Volcano on the Argentina–Chile border

Los Patos (also known as Tres Quebradas) is a mountain in the Andes mountain range of South America. The peak is located on the international border of the Catamarca Province of Argentina and the Atacama Region of Chile. It has a summit elevation of 6239 m.

Los Patos is a volcano. Potassium-argon dating on dacite taken from the northern flank showed an age of 4,550,000 ± 180,000 years ago. At that time, volcanic activity in the Maricunga Belt had just ended and was shifting towards the area of Ojos del Salado and Nevado Tres Cruces. Another date obtained on the lower part of the volcano is 7,600,000 ± 600,000 years ago.
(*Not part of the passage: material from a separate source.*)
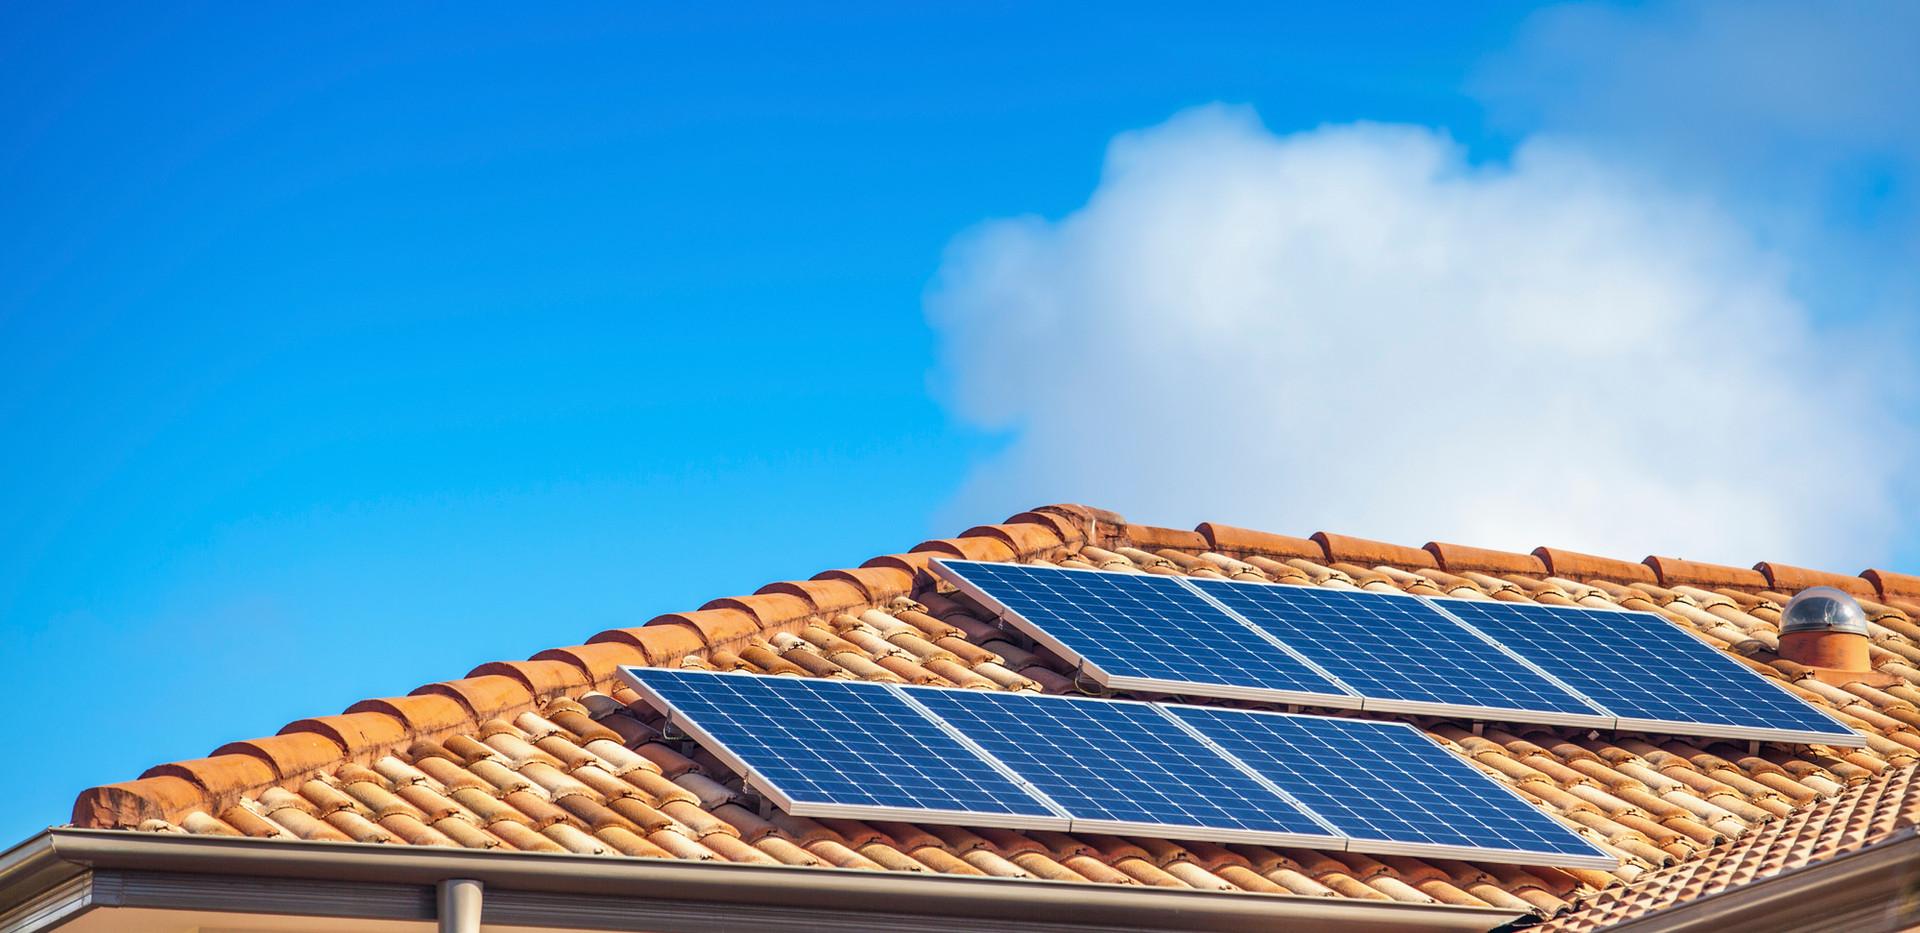 Canva - Solar panels on home.jpg

The base of Nevado Tres Cruces rises immediately east of Los Patos. Los Patos is part of the Cordillera Sundt, a mountain chain containing stratovolcanoes with lava domes and lava flows. The chain is constructed by dacite and smaller amounts of andesite. Other volcanoes in the chain include Falso Azufre, Monte Pissis and Mulas Muertas. So-called "Pircas Negras" lavas with compositions similar to adakite have been found on the northern flanks of Los Patos. They contain amphibole and clinopyroxene as the dominant minerals and some samples have been found at and . The volcano has a prehistoric sanctuary on its summit.